Common Errors and Fixes

RayServeException: Cannot call __init__ on a deployment handle

You called .bind() but passed arguments incorrectly. Make sure constructor arguments go inside .bind(arg1, arg2), not in the decorator.

TypeError: check_health() must be a sync function

The check_health method cannot be async. Ray calls it in a synchronous context. Remove async from the method definition.

ValueError: Batch size mismatch - expected N results, got M

Your @serve.batch method must return exactly one result per input. If your model returns a different number of outputs than inputs, you have a bug in your batching logic. Double-check that len(results) == len(texts) before returning.

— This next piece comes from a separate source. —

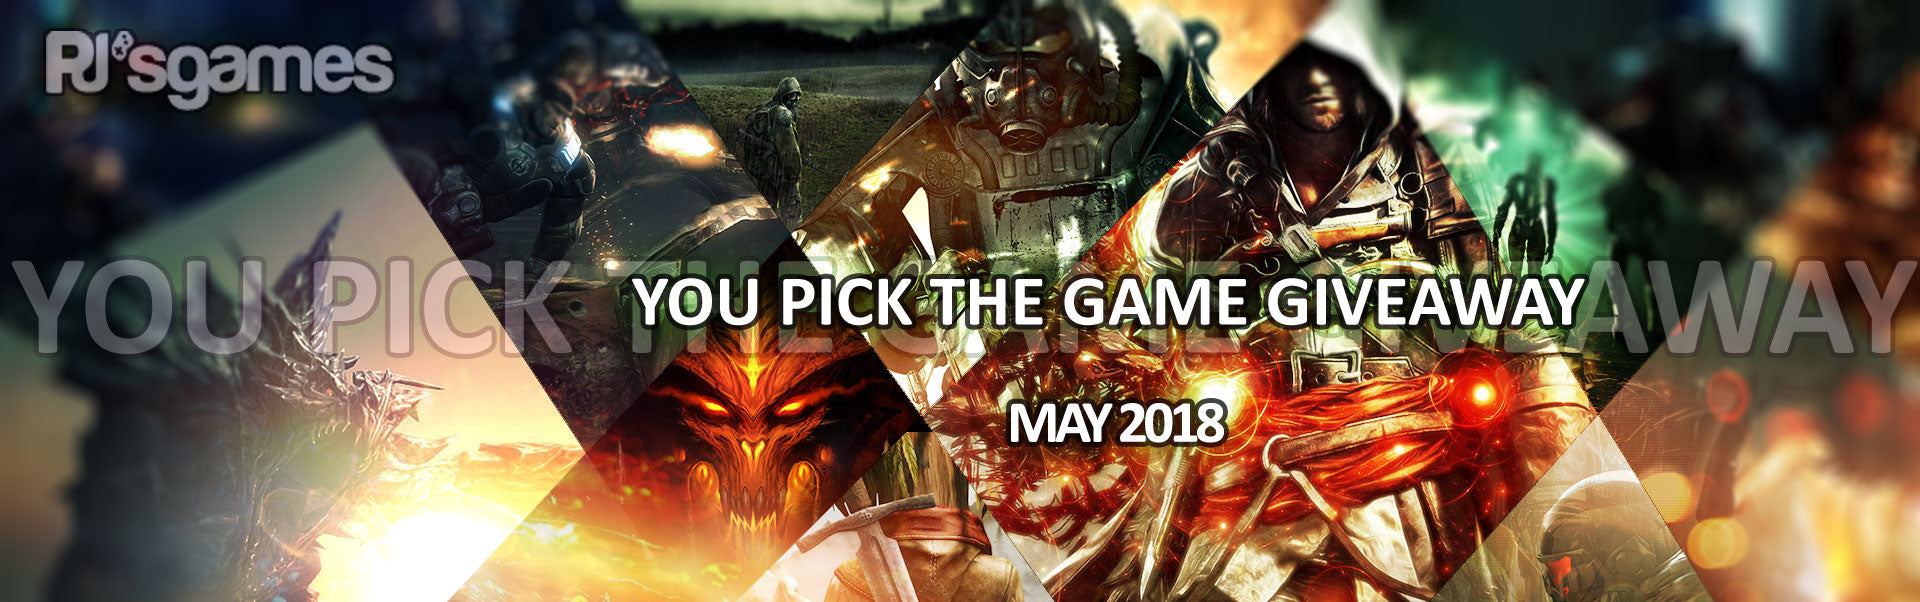 PJ's Games "You Pick The Game" Giveaway May 2018
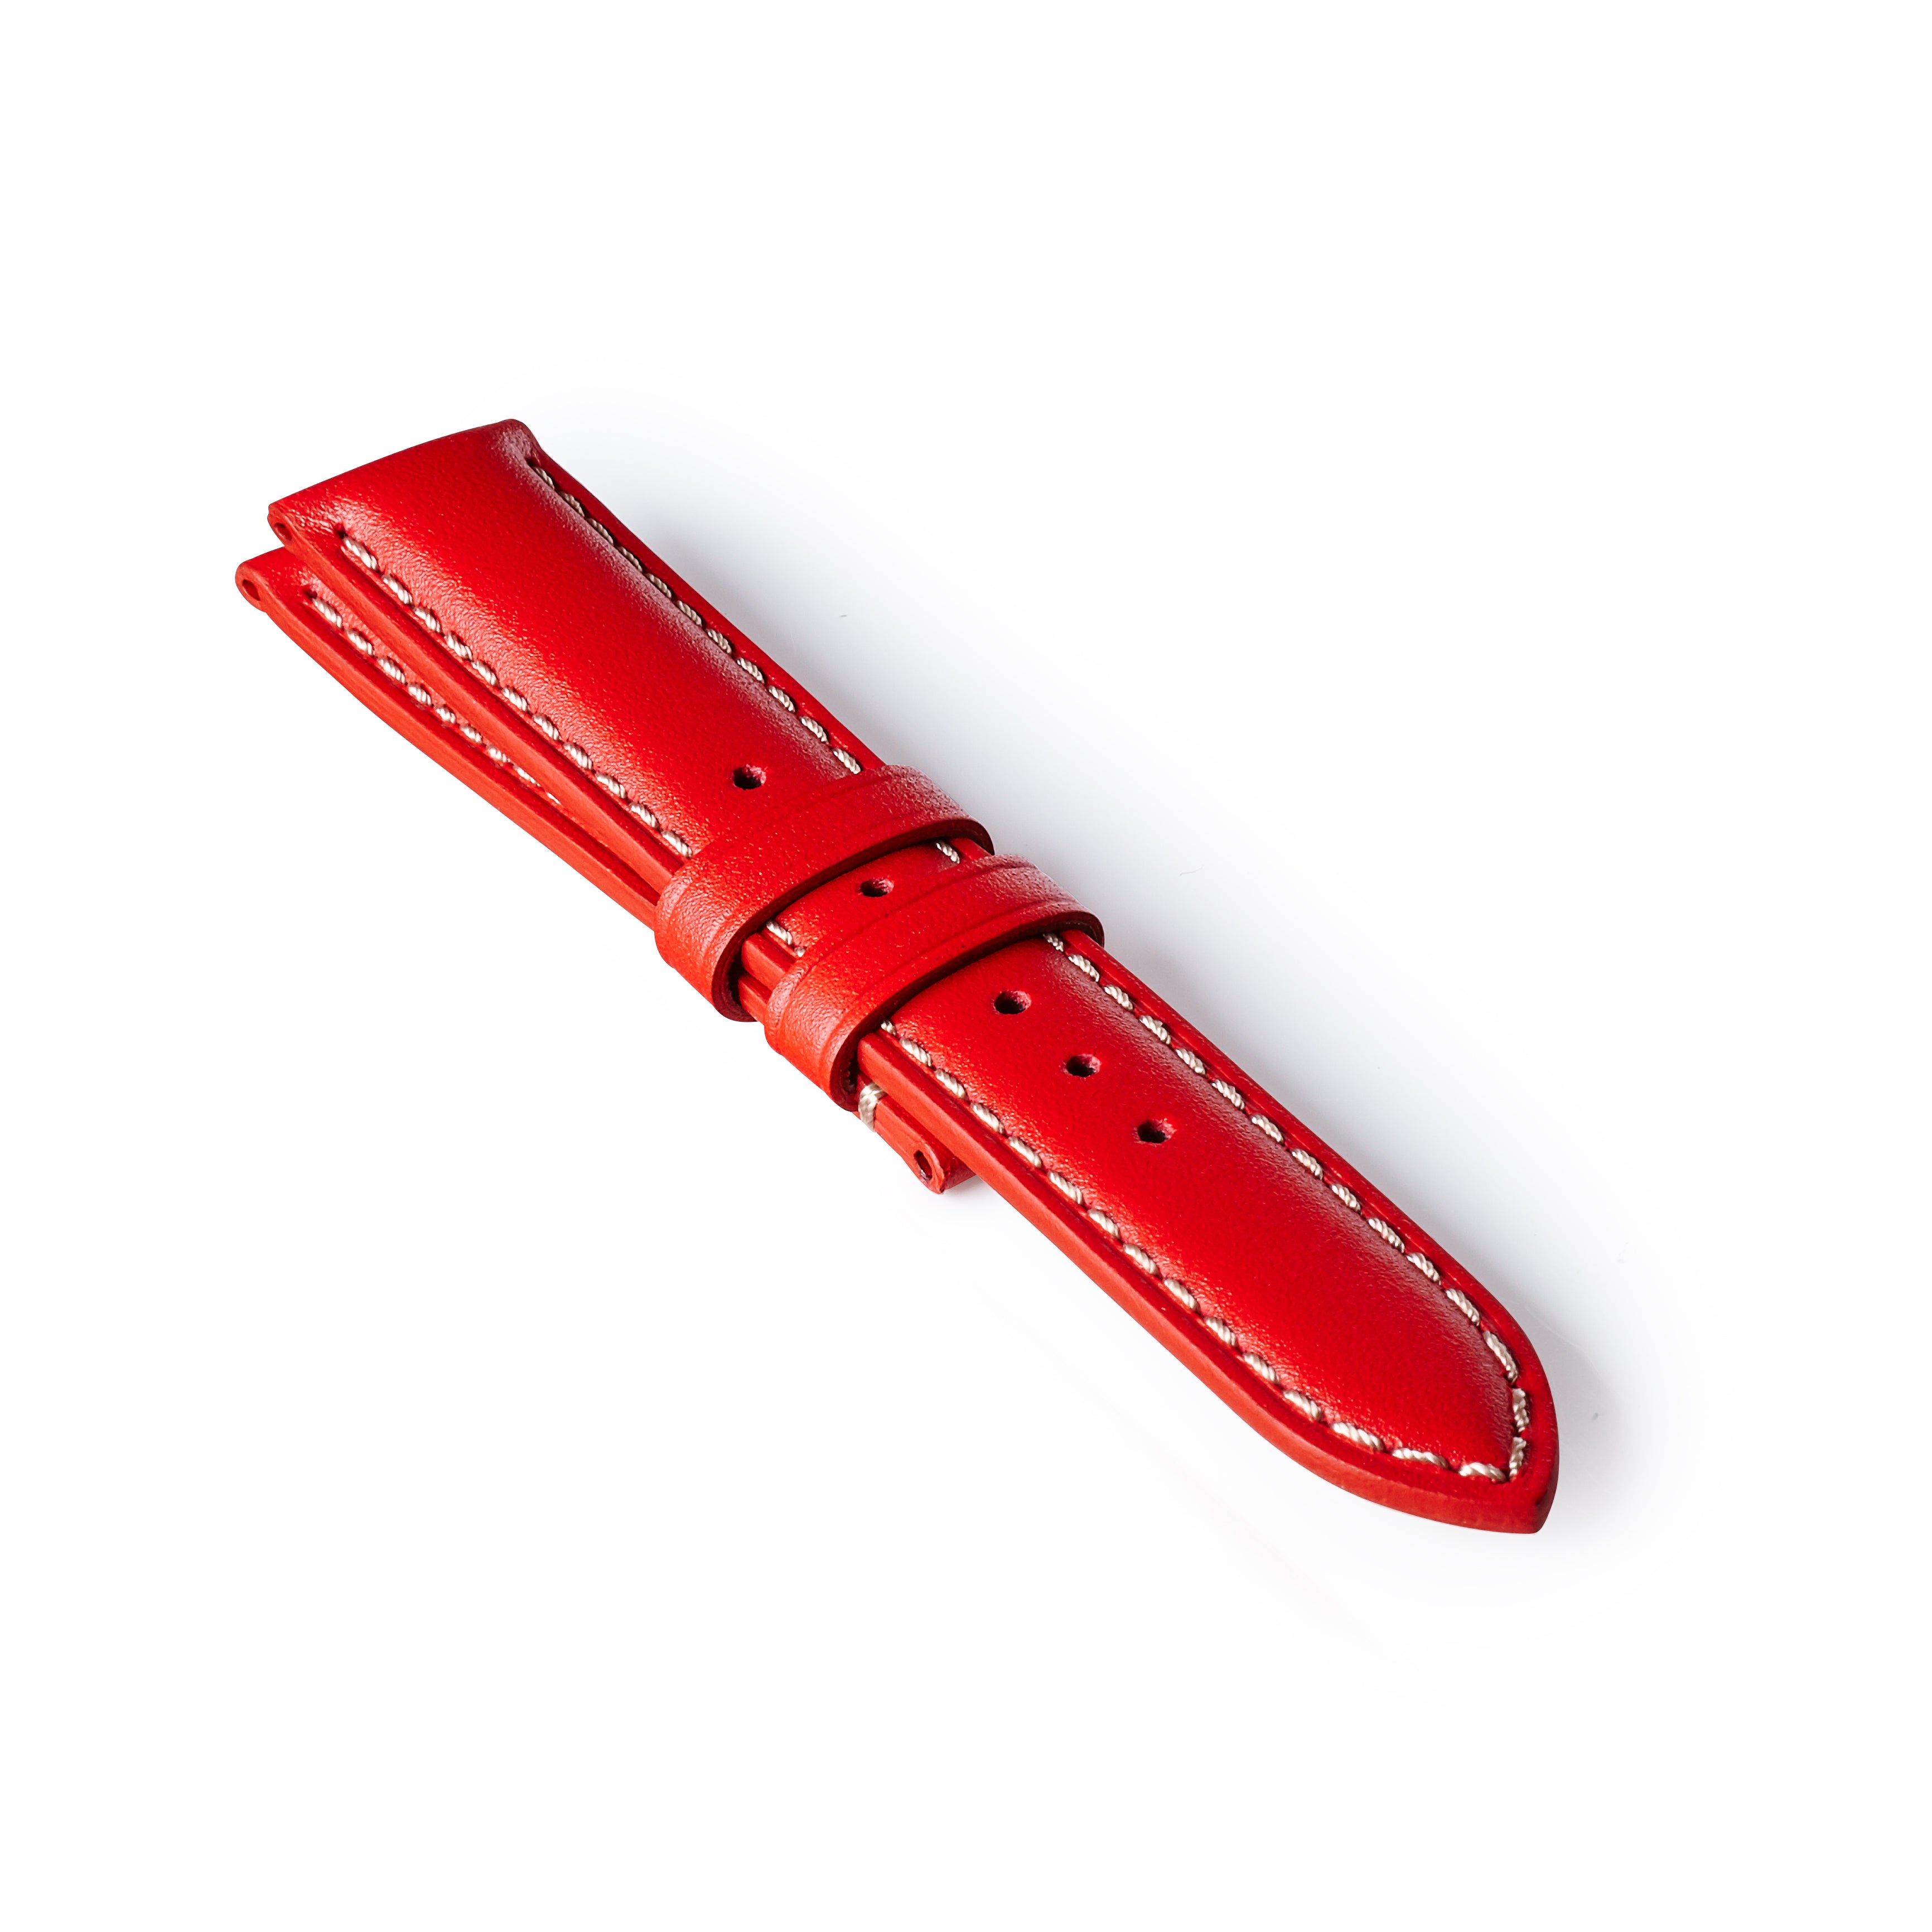 SWATCH - Grade C - Old English Red – American Classics Leather

RuntimeError: No available node to schedule this deployment

You requested more resources (GPUs/CPUs) than your Ray cluster has. Either reduce max_replicas, reduce num_gpus in ray_actor_options, or add more nodes to the cluster with ray start --address=<head-node>:6379.

Replicas not scaling down after traffic drops

This is usually downscale_delay_s doing its job. The default is 600 seconds (10 minutes). If you want faster downscaling, reduce this value. Setting it below 30 seconds risks thrashing in bursty traffic patterns.

ImportError: cannot import name 'serve' from 'ray'

You need the serve extra: pip install "ray[serve]". The base ray package does not include Ray Serve.